Friday, March 29, 2013

Review: Bioshock Infinite (PS3)

I sincerely hope that Bioshock Infinite changes the way that developers approach sequels. Too many companies, in their haste to release a new incarnation every year, constantly re-release the same game over and over again with the most minor of improvements. That gets dull very quickly and offending games begin to feel more like DLC than a AAA release. Thankfully, that is not the case here. Bioshock Infinite is the complete opposite: a self-contained story that captures the spirit and innovation of the first game and pushes it even further, quite literally rocketing it into a massive new world. The stakes are high and its goals are lofty. Infinite is a work of art that shouldn’t be missed.

More shameless gushing... after the jump!

It’s hard to narrow down what exactly it is I love most about my adventure to cloud city, Columbia, but one of the first things you realise is that Infinite is ambitious. There are no cut corners in Columbia and I honestly don’t think I’ve ever seen such a loving attention to detail while building a world. There are so many marvelous sights to see, objects to interact with, and secrets to discover that initially you’ll be quite content to just breathe in your surroundings and explore. Some of these design choices are bombastic and yet are balanced by decisions that are refreshingly subtle. Visually, it never feels repetitive either. As the story propels you forward there is always something new to see.
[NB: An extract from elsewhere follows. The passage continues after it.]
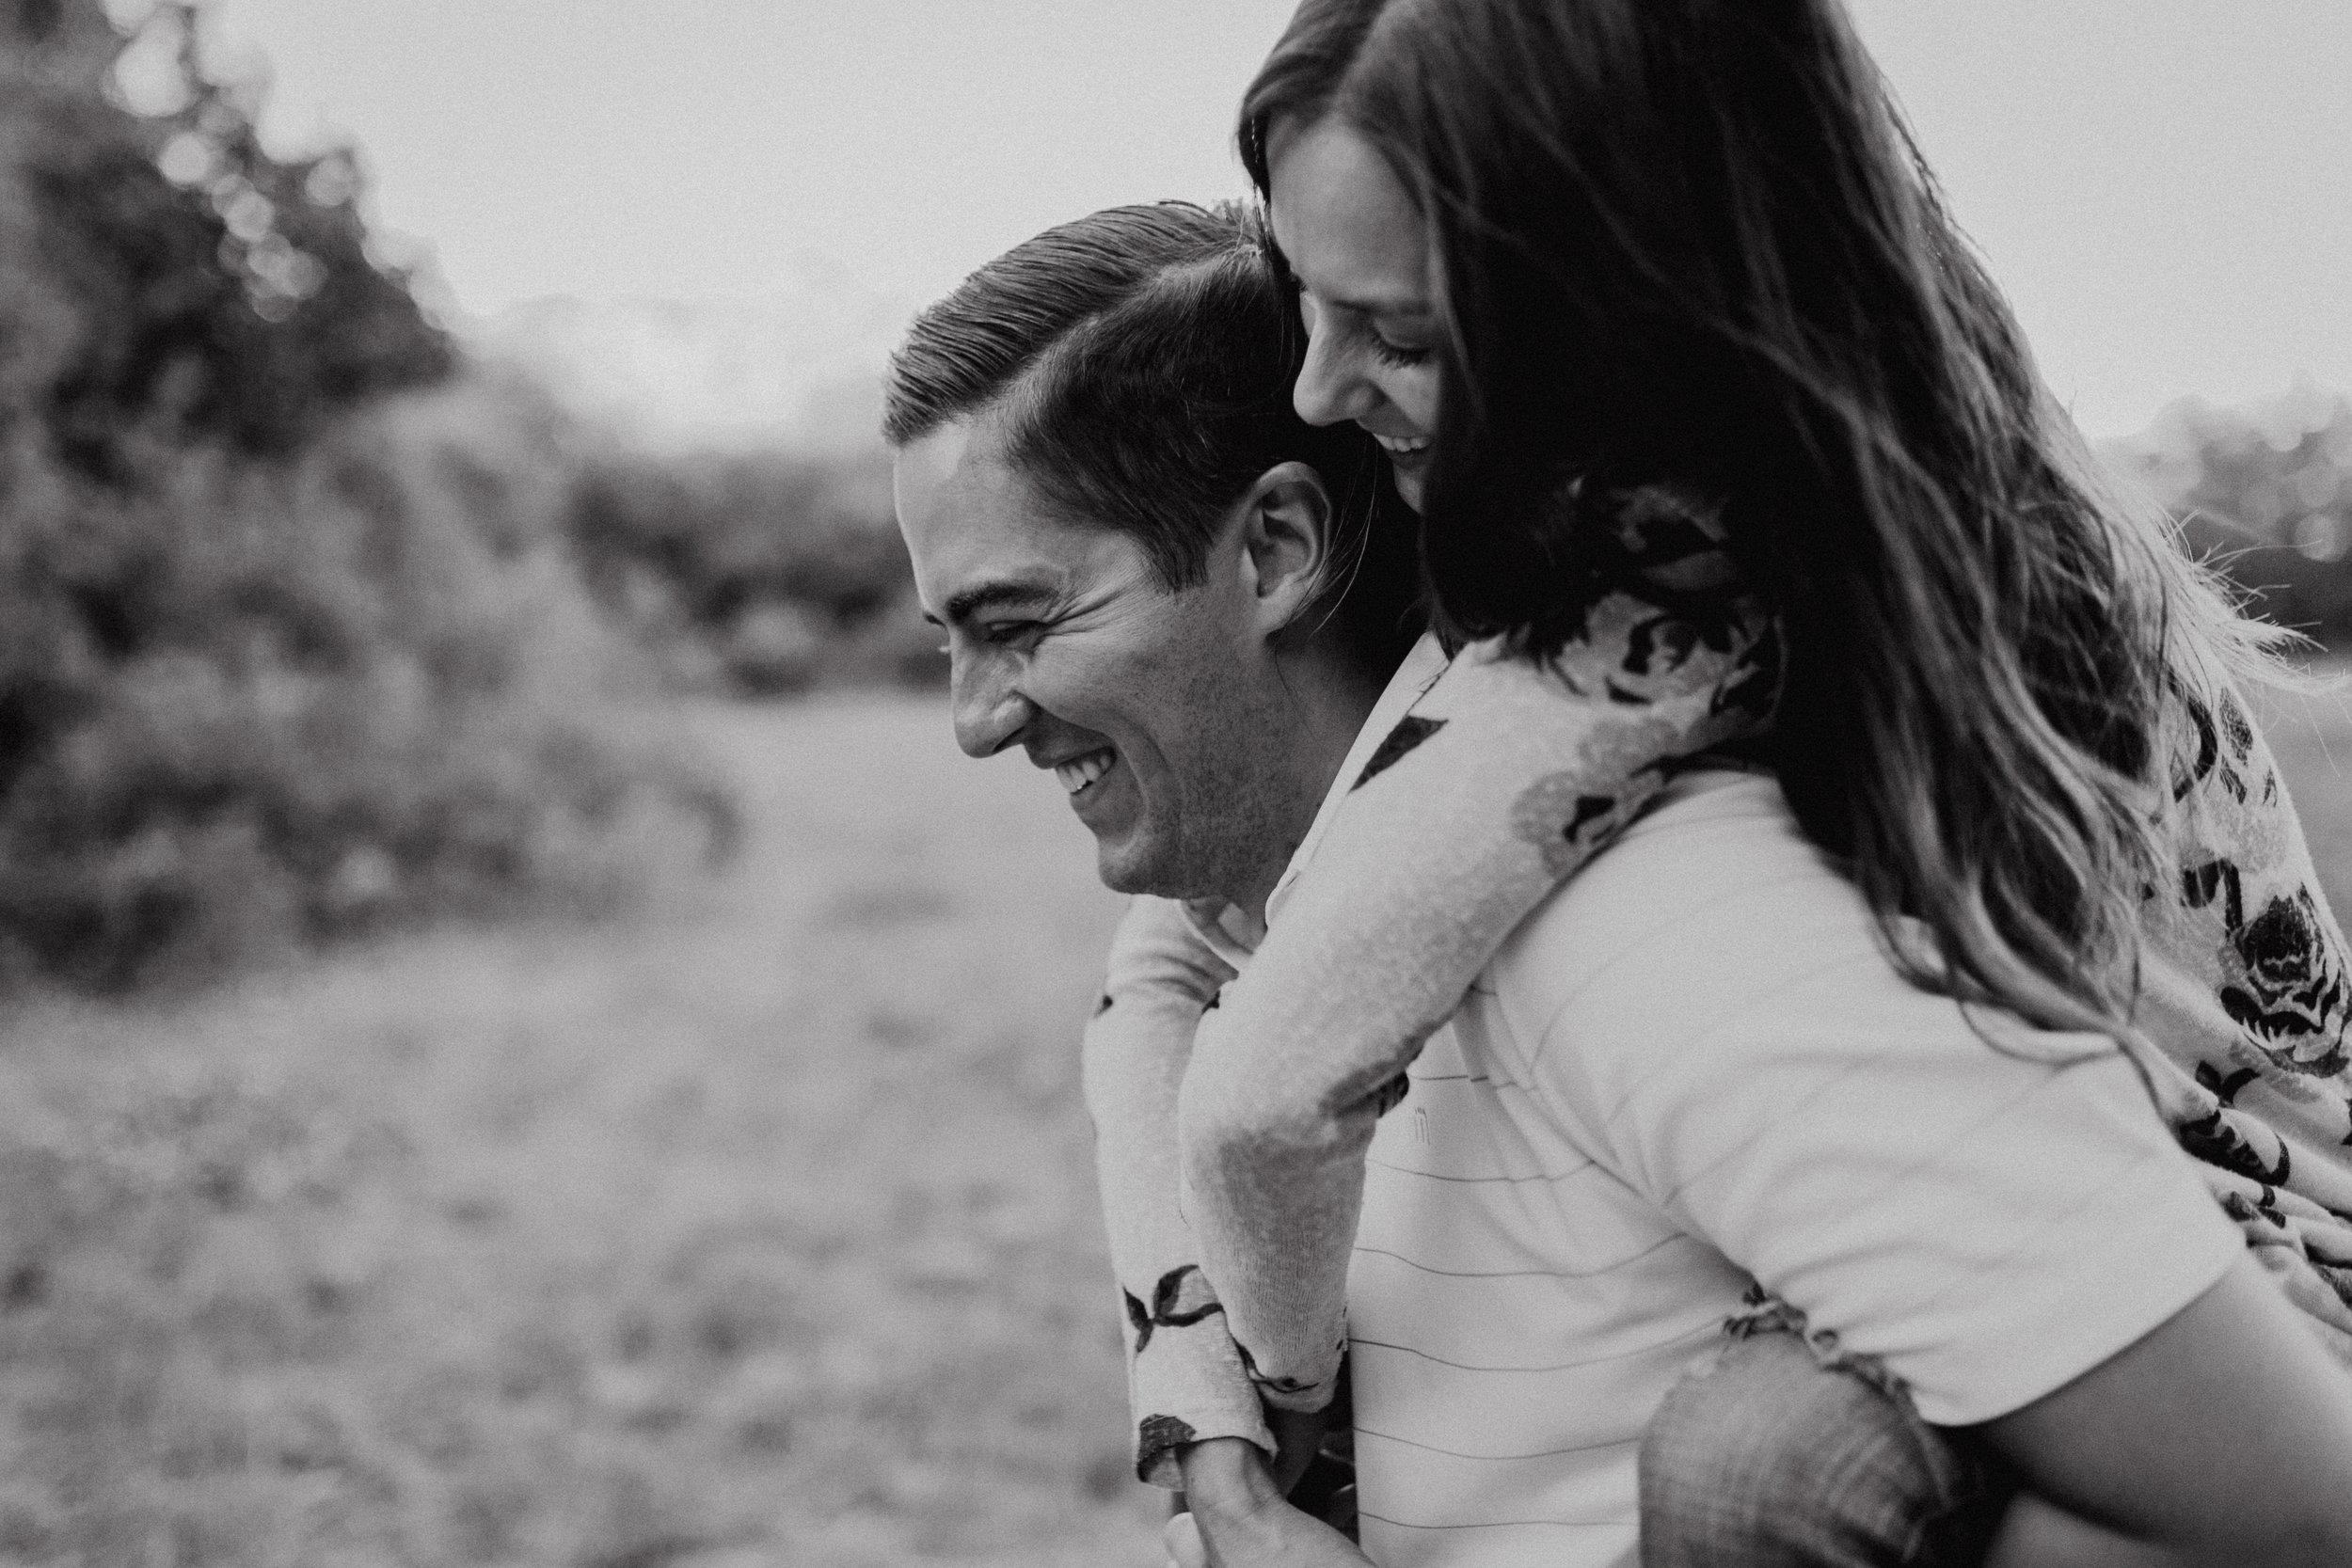 Shandra_Kasey_Engagement-35-2.jpg

This total immersion is aided by the fact that are very few cutscenes that wrest control from you. Most dialogue occurs while you are actively playing, allowing you to place yourself in the action and choose your own camera angles via your own viewpoint. It’s an effective tactic because - while the story is linear - you always feel in control, an active participant instead of a passive bystander. Not an innovation by any means, but I wish more games did this. I hate pausing from my game to watch another movie. Let me play. Let me create a story around me as I go.

And as for the story? Well... there’s not much I’m going to say. That is something you really need to experience for yourself and I’d encourage you to avoid as much information about it as possible. You play washed up detective Booker Druitt who is sent to columbia to collect a girl to repay a debt. Booker’s memories are hazy and much will be unravelled along the way. All I’ll say is: stick with it, and trust it. It’s confusing as times but it all comes together in a rather  jaw-dropping way.

So how does it stack up the original game? I think that overall it’s better. It’s certainly more confident and doesn’t lag in the middle like the original did, plus I think it offers more variety. Don’t be put off by the fact that Columbia, on the surface, looks like a pristine, Disneyland version of an American town - it isn’t all as perfect as it may at first seem. The underwater city of Rapture was dark and hostile from the beginning, so when I started Infinite and walked through the breathtakingly beautiful city streets of Columbia - with its parades and barbershop quartets - I found it hard to imagine how I would segue into any form of combat or conflict. Rest assured the solution is not only great but it’s unexpectedly bold and confronting. It’s a strong catalyst for action and instantly kicks the game into gear.

And the combat is every bit as great as the first game and then some, utilising a mix of firearms and superhuman powers (called “vigors” here). You have a whole new range of “magic/science” to choose from including possession, watery tendrils, and the ability to cast a murder of menacing crows. You also now have the option of leaping onto one of the city’s many skyrails during combat, transporting you quickly from area to area, however the varied enemies are more than happy to pursue. And once you’ve teamed up with Elizabeth she has her own ways of altering the ways in which you fight, meaning that every battle is huge and expansive, often spreading across large areas of city and providing you with a near infinite number of possible methods of approach.

At times it’s all a strange mix. Infinite is grim, gory and brutal and yet Elizabeth glides through it like a perfect Disney princess. She’s the real heart of the game and you’ll do anything to protect her. Or should that be, protect yourself from her? She’s an enigmatic and memorable character and your developing relationship with her ties everything together. Any game that can make me so invested in the characters and their outcomes is a winner for me. It’s that extra level that far too many games fail to attain. It's definitely a game that will linger with you once you've finished and it's already generating a lot of discussion.

Damn it! I've already said too much! Seriously, just pick this one up. The best game I've played in a long time, and one of the absolute finest examples of this current generation. This is the one to beat and I hope it paves the way for all developers to make better, more ambitious, sequels in the future.